At best, mass layoffs motivate your most talented employees to look for jobs elsewhere.

Solving Financial Issues

Many people think mass layoffs will solve an organization’s financial problems. But rather than actually solving the problem that caused the budget shortfall, layoffs are usually used to offset it. An organization fires a large amount of people to help their budget and then, as things seem to get better, they hire all these people back until they are in the same spot they were in to begin with. 3-5 years later, they have to have another mass layoff. The cycle repeats itself.

In addition, studies show that layoffs actually drag down a company’s stock value.

Making the Company Stronger

There is this perception that mass layoffs make companies stronger. They don’t. Usually, its because they don’t solve the root of the problem. The problems might even be making the layoff decisions.

Other than some major external factors shifting without warning, the failures that lead to a mass layoff are the responsibility of the C-Suite. And in the end, it is the failure of company leadership that causes mass layoffs. Sadly, they often don’t see it and aren’t held accountable. Instead, they hold others accountable for their failure in leadership and decision making.

Are You a Knuckle-Dragger?

Considering a Mass Layoff? You Might Be a Knuckle-DraggerIt saddens me how many executives think mass layoffs are a viable option. To be fair, in some rare cases they are, but not usually. Yet, we have created a business culture that says it is just another way of doing business. But the ways of doing business are changing, and mass layoffs are more of a detriment to your organization than ever before.

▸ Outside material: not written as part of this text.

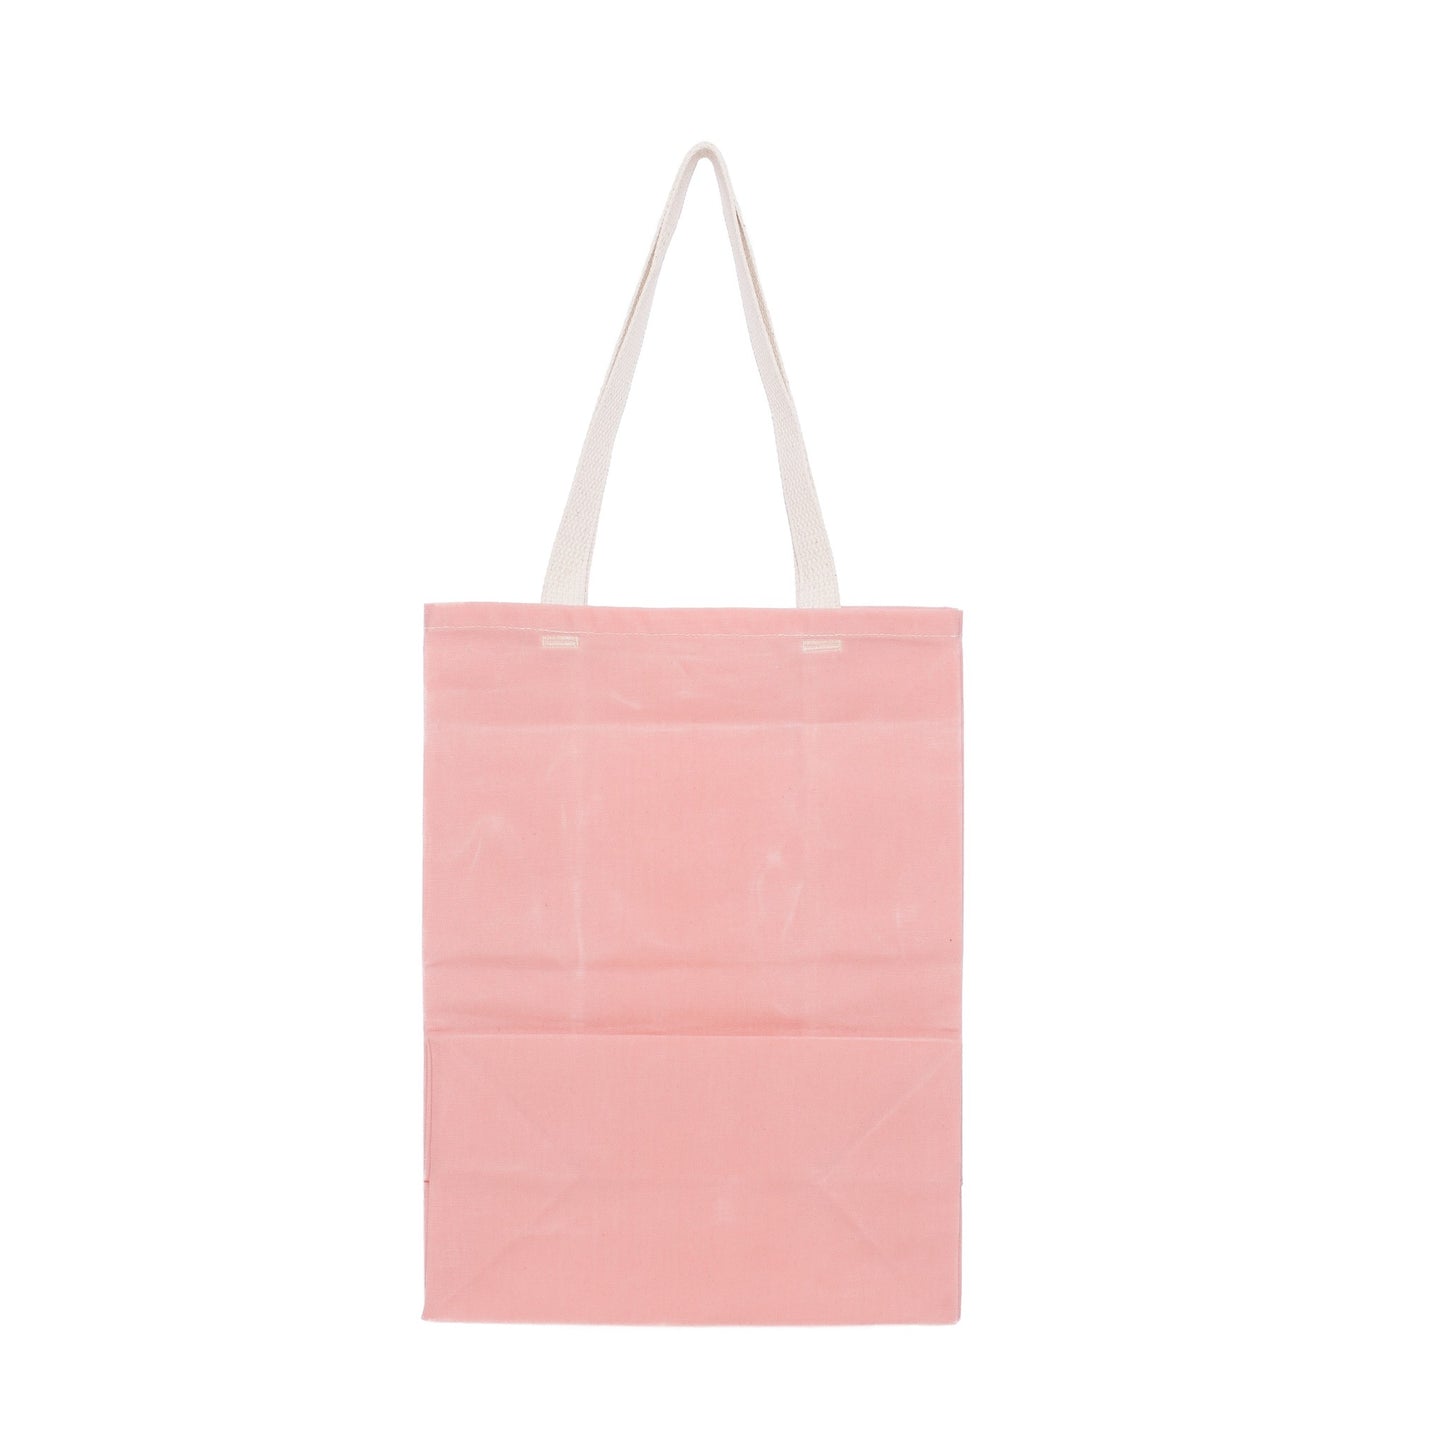 Eco-Friendly Grocery Tote - Coral Pink
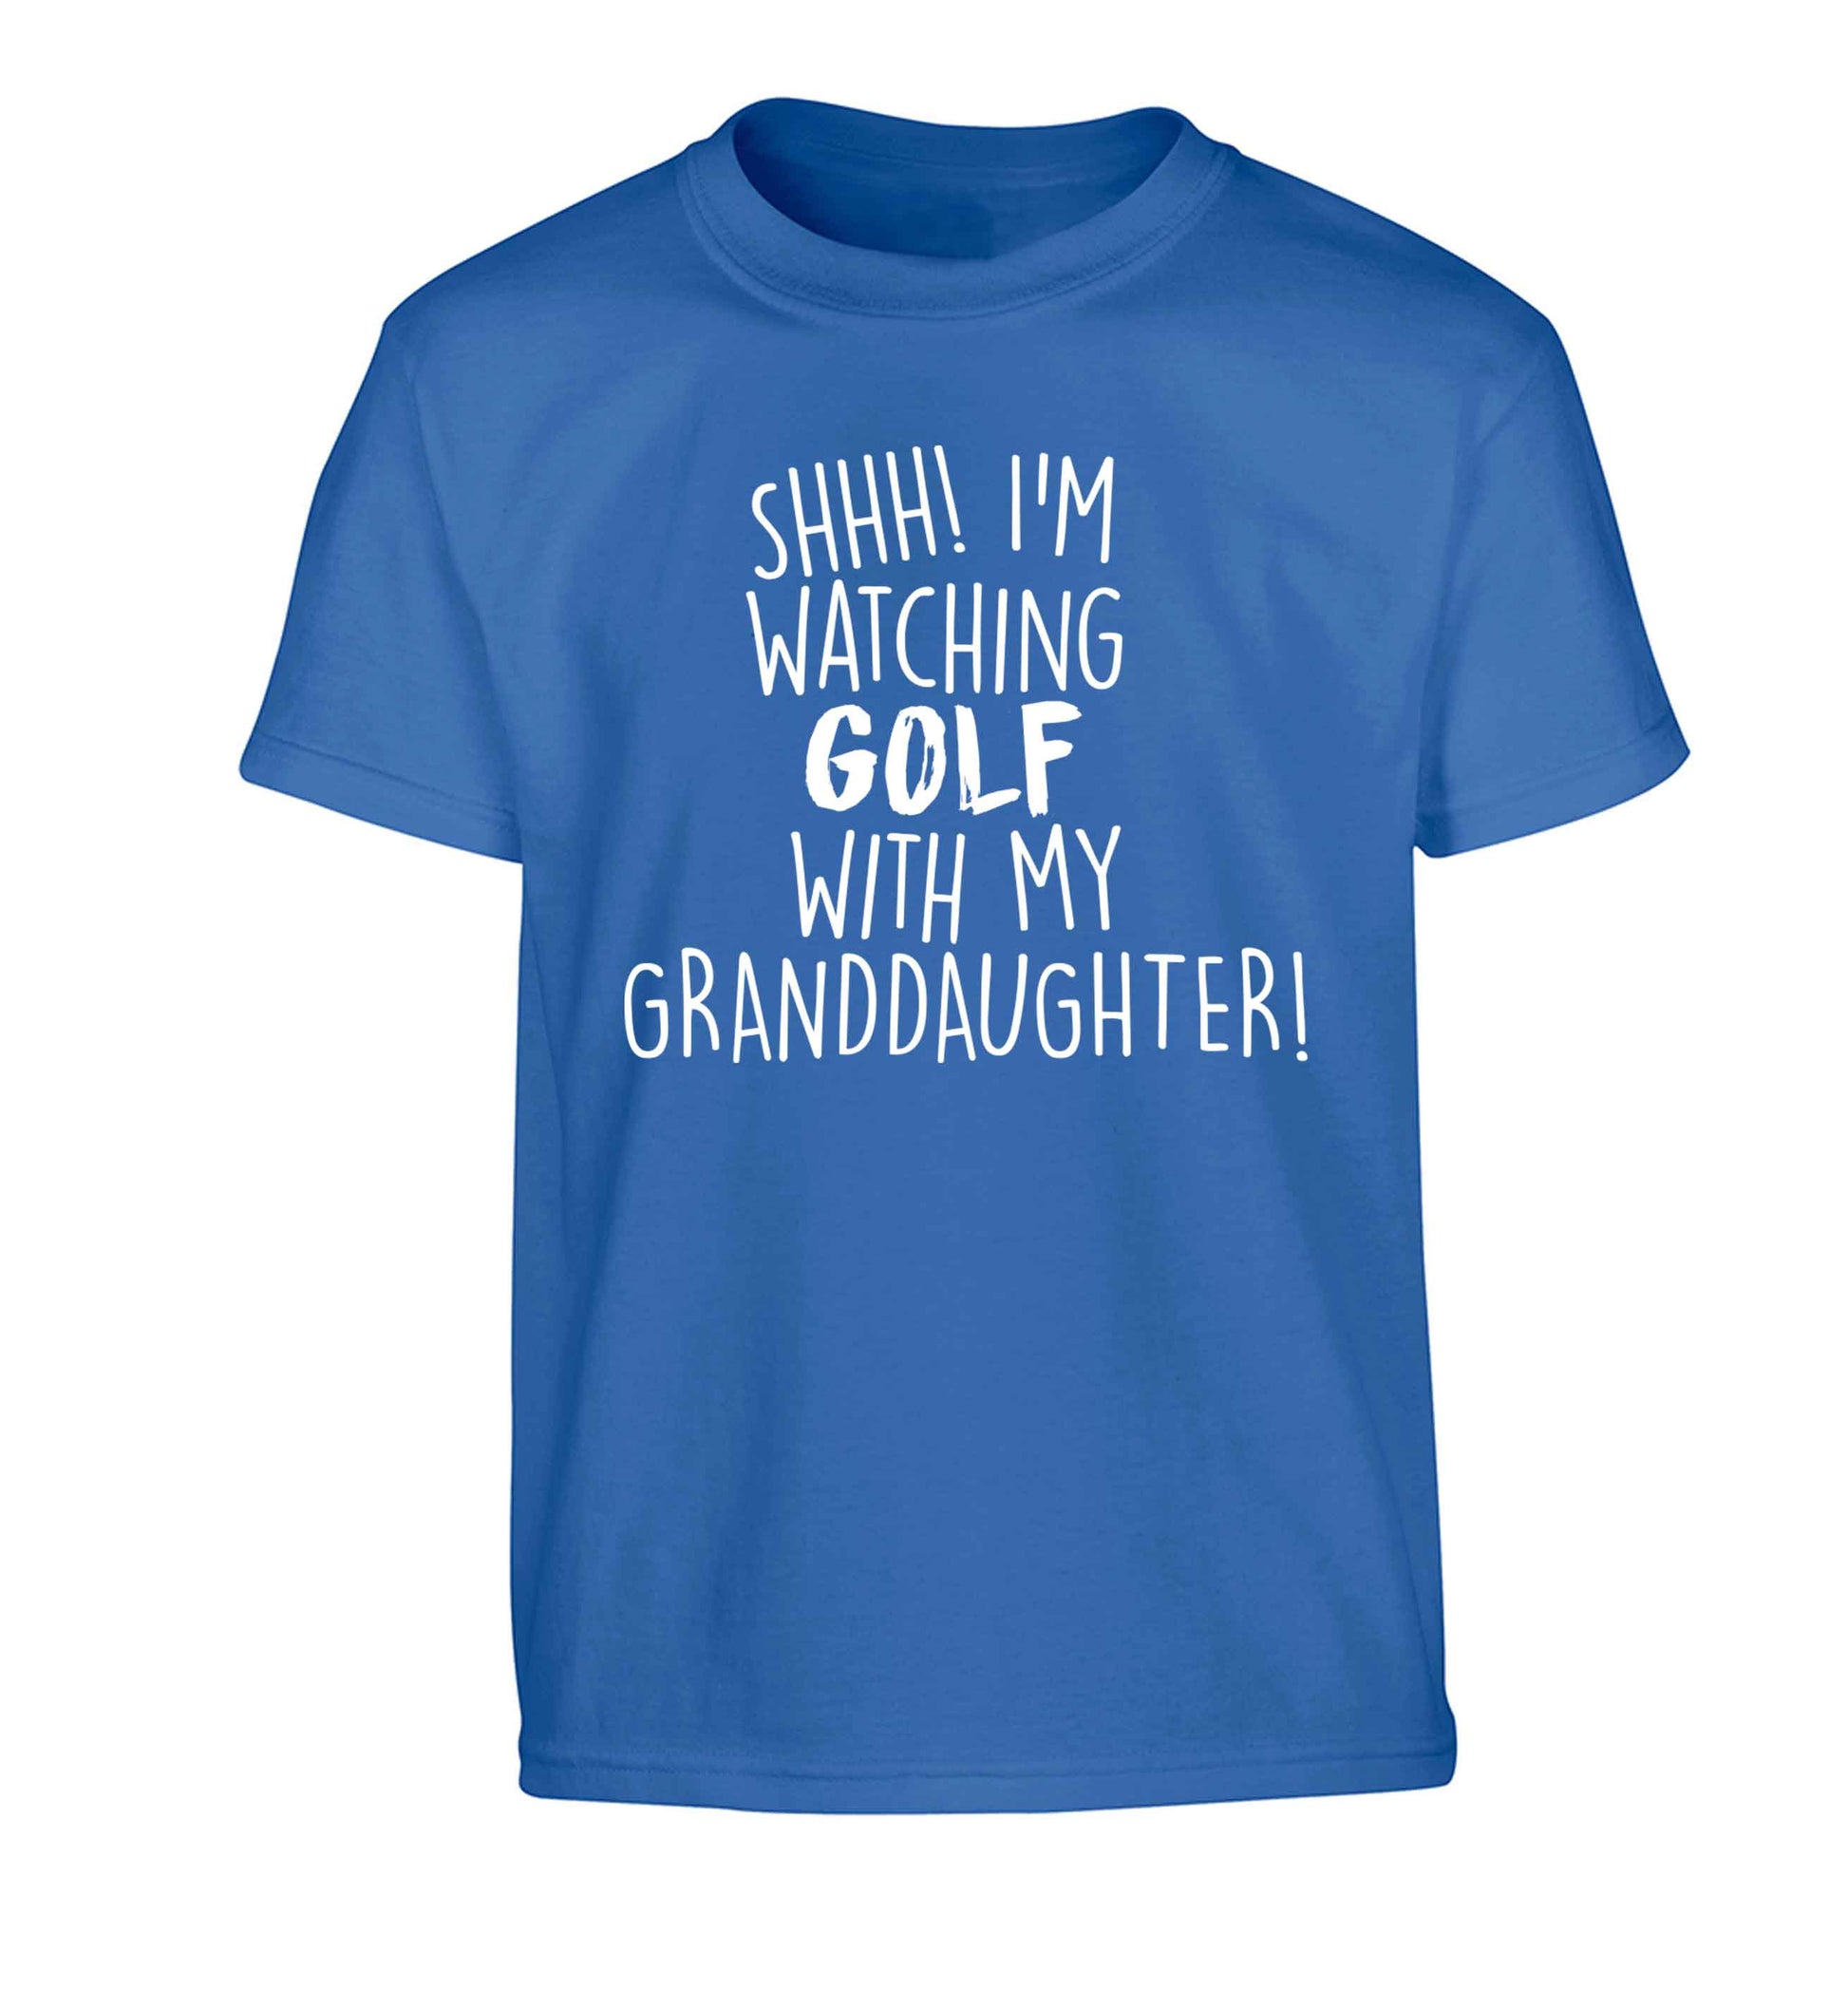 Shh I'm watching golf with my granddaughter Children's blue Tshirt 12-13 Years

Think about millennials, for example. We constantly hear companies complain that the millennials don’t want to work for them, or are more concerned with personal gain than their loyalty to the company. I’ve heard many business executives shake their heads, tsk and complain about this behavior. Guess what, knuckle-draggers? You caused it. Who’d want to be loyal to a company when mass layoffs are a just another way of doing business?

Financially, layoffs reduce stock prices. They reduce productivity and cause a need for payouts in severance, plus the cost of rehiring employees as business improves. They cause a burden on the tax payers because of the increase in unemployment recipients. They make people wary of working there, have a severe negative effect on employee health, and often leave the organization with a less capable workforce in the long run.

So, with the overwhelming amount of evidence about the detrimental effects of mass layoffs, why do they still do it? How do we get the knuckle-draggers to put down the clubs, become leaders, and make better decisions?